Build the gappy Toeplitz block structure to optimise the product computation at gaps location.

Considering the significant gaps, the blocks to which they belong are cut and split between the gap's edges to reduce the total row size of the flotting blocks. It take into consideration the minimum correlation length and a parameter allows us to control the minimum gap size allowed for the blocks splitting. In some cases, the gap can be partially reduce to fit the minimum block size needed for computation or just for performance criteria. This is based on the fact that the gaps are set to zeros in the main routine.

Definition at line 1707 of file toeplitz.c.

int circ_init_fftw	(	double *	T,
		int	fft_size,
		int	lambda,
		fftw_complex **	T_fft
	)

Initialize fftw array and plan for the circulant matrix T_circ obtained from T.

Build the circulant matrix T_circ from T and initilize his fftw arrays and plans. Use tpltz_cleanup afterwards.

See also:: tpltz_cleanup

Parameters:

T	Toeplitz matrix.
fft_size	effective FFT size for the circulant matrix (usually equal to blocksize)
lambda	Toeplitz band width.
T_fft	complex array used for FFTs.

Definition at line 281 of file toeplitz.c.

int fftw_init_omp_threads ( )

Initialize omp threads for fftw plans.

Initialize omp threads for fftw plans. The number of threads used for ffts (define by the variable n_thread) is read from OMP_NUM_THREAD environment variable. fftw multithreaded option is controlled by fftw_MULTITHREADING macro.

Definition at line 217 of file toeplitz.c.

int optimal_blocksize	(	int	n,
		int	lambda,
		int	bs_flag
	)

Compute an optimal block size value used in the sliding windows algorithm.

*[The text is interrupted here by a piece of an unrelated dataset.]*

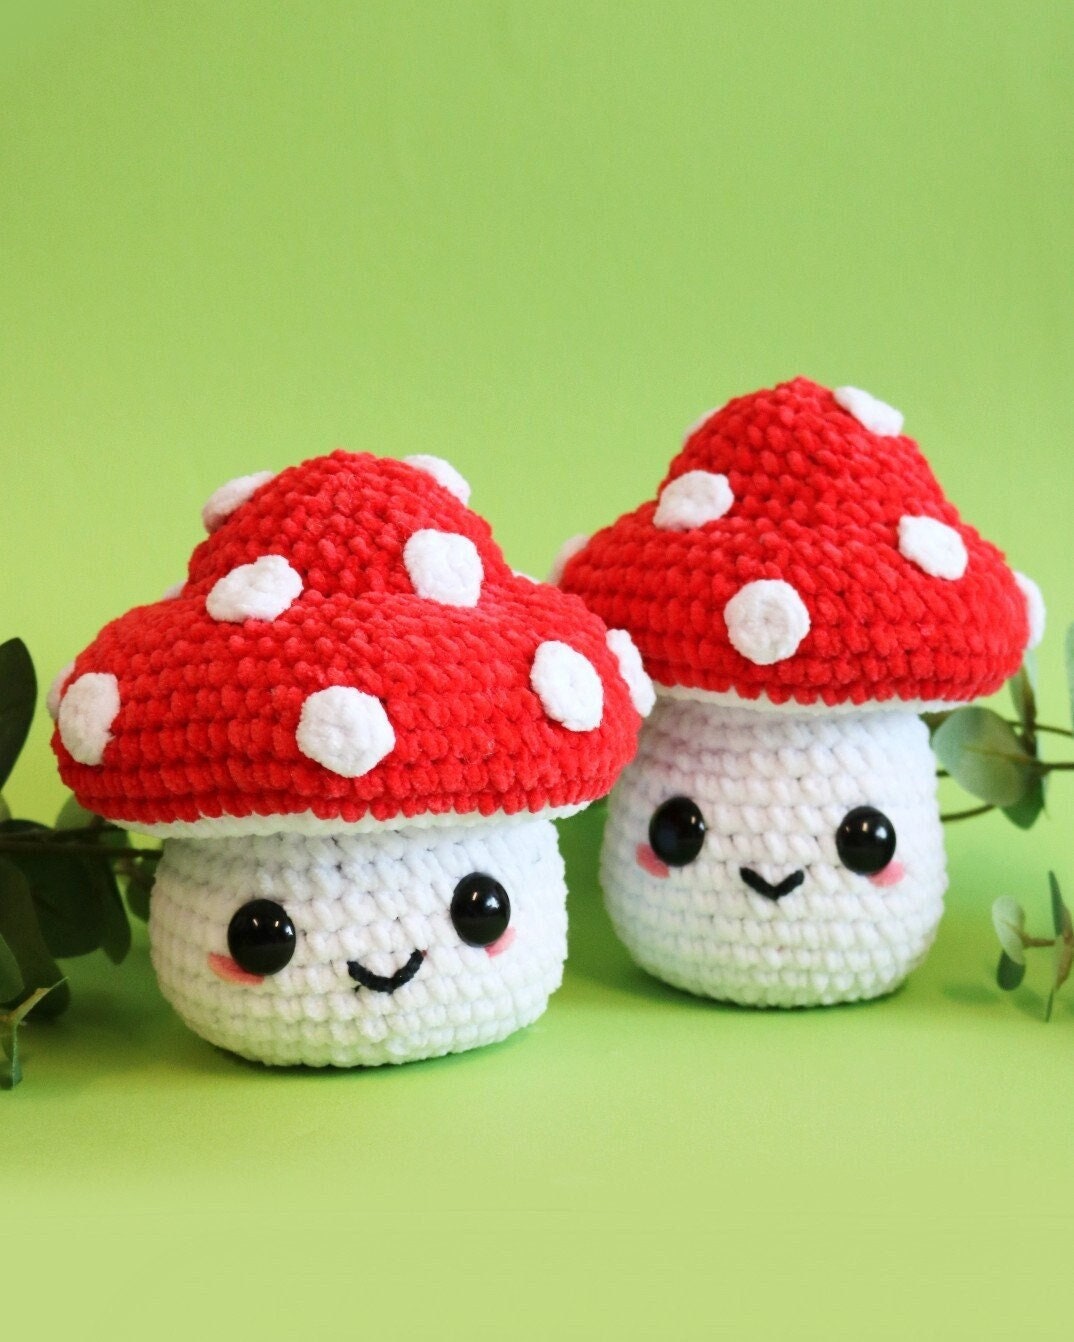 Mushroom Crochet Kit, Amigurumi Kit, Crochet Kit Beginner With Yarn,  Mushroom Crochet Pattern, Amigurumi Crochet Pattern, Toadstool Crochet

The optimal block size is computed as the minimum power of two above 3*lambda, i.e. the smallest value equal to 2^x, where x is an integer, and above 3*lambda. If bs_flag is set to one, a different formula is used to compute the optimal block size (see MADmap: A MASSIVELY PARALLEL MAXIMUM LIKELIHOOD COSMIC MICROWAVE BACKGROUND MAP-MAKER, C. M. Cantalupo, J. D. Borrill, A. H. Jaffe, T. S. Kisner, and R. Stompor, The Astrophysical Journal Supplement Series, 187:212–227, 2010 March). To avoid using block size much bigger than the matrix, the block size is set to 3*lambda when his previous computed size is bigger than the matrix size n. This case append mostly for small matrix compared to his bandwith.

Parameters:

n	matrix row dimension
lambda	half bandwidth of the Toeplitz matrix
bs_flag	flag to use a different formula for optimal block size computation

Definition at line 144 of file toeplitz.c.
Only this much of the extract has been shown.